On Woodrow’s canvas, at Trace’s feet, her dark knees sinking in the sand, is Yolanda. The veil of her white wedding dress hovers behind her in the wind like a white flag of surrender. Her olive-skinned cheeks are wet with tears and she is pleading with him to go no further. On the other side of the railroad tracks there is a roadside taco stand and behind the taco stand bright magenta flames are dancing in the azure blue sky. A careful observer of the moment would note the vague outline of a handgun in Trace’s waistband.
In the upper right hand corner of the canvas is a car engulfed in flames, a silver ‘57 Chevy Bel-Air, the driver hanging out the open door in deathly repose, mouth agape, frozen in mid-scream, a neat crimson bullet wound in his broad forehead.
“It’s violent and it’s surreal,” the gallery owner said with a thin smile when Woodrow presented the paining for exhibition. “And it tells a story, doesn’t it?”
“I guess so.” Woodrow stuffed his hands in his pockets and scuffed the soles of his tennis shoes on the hardwood floor, eyes warily cast downward.

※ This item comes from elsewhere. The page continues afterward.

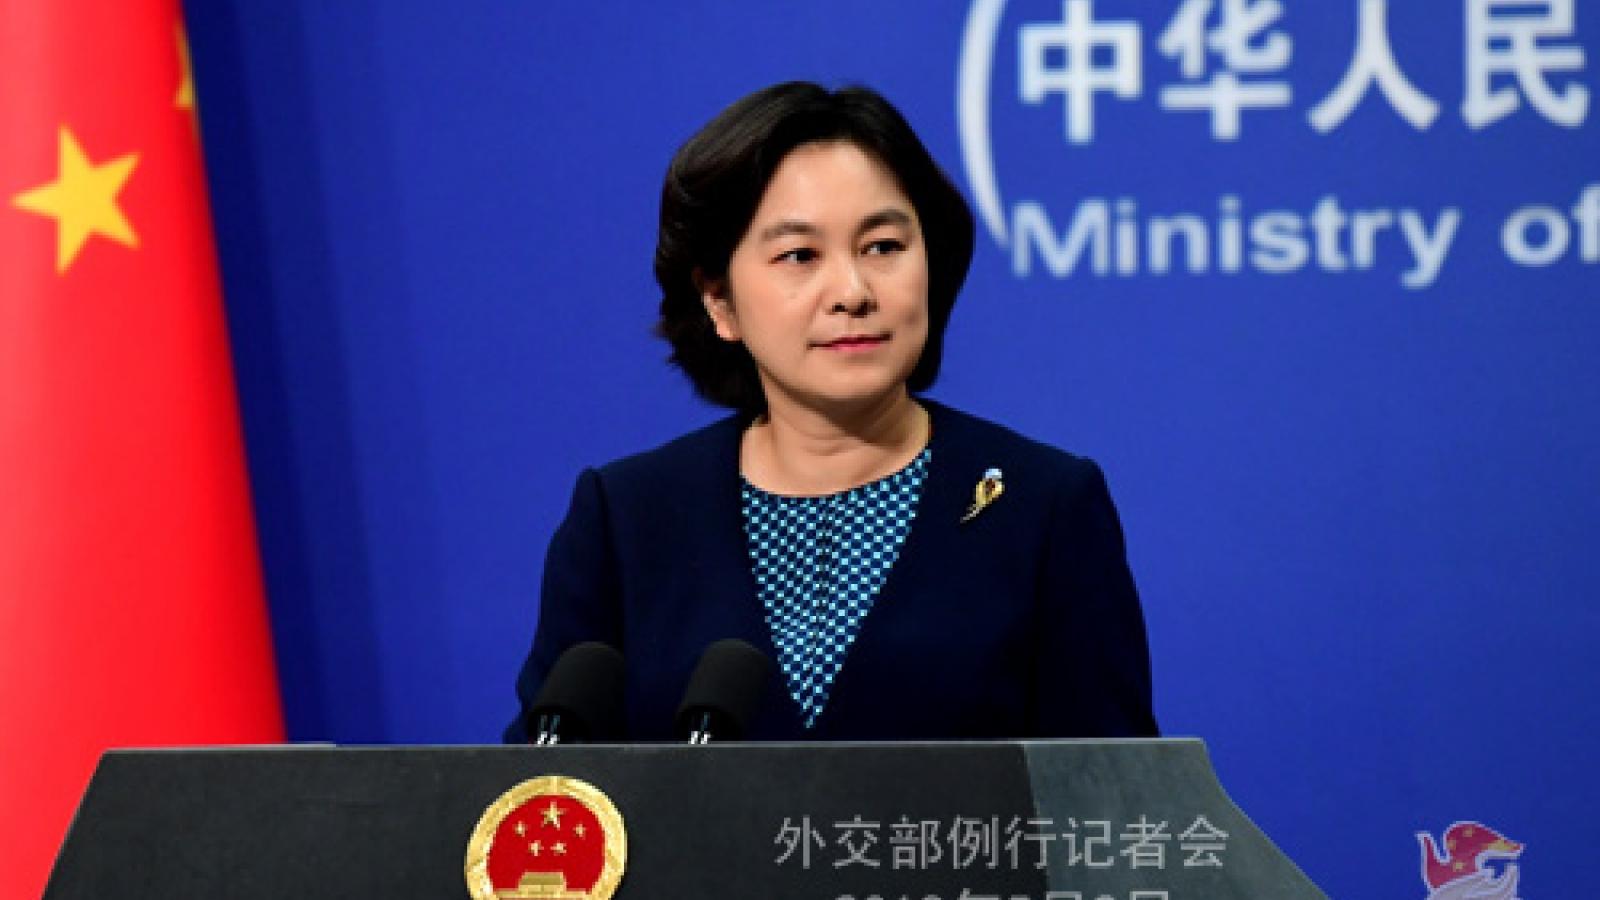 Trung Quốc chỉ trích cách hành xử của Mỹ với các công ty viễn thông của nước này

He was uncomfortable discussing or analyzing his work.
“Don’t worry, kid.” The rotund man clapped a hand on Woodrow’s thin shoulder. “It spins a good yarn with spare details, just like a Hopper painting. Isn’t that what you were aiming for? Looks like it to me. Listen, people love a good tale in this town in any form they can get it, it’s the whole creative inspiration thing, you see, movie people and all that, always looking for the next great idea, whether they get it from a painting they can stare at for hours or a late night lap dance at one of those strip clubs out by LAX. Not that I’ve ever been but that’s another discussion. Empirical knowledge. I’ve got a lot of it. But like I said, don’t worry. This beauty’ll get your rent paid next month. It’s good. It’s garish in its own poetic way. That’s what you were shooting at, right?”
“I wasn’t shooting at anything,” Woodrow mumbled. “I was just trying to tell a story.”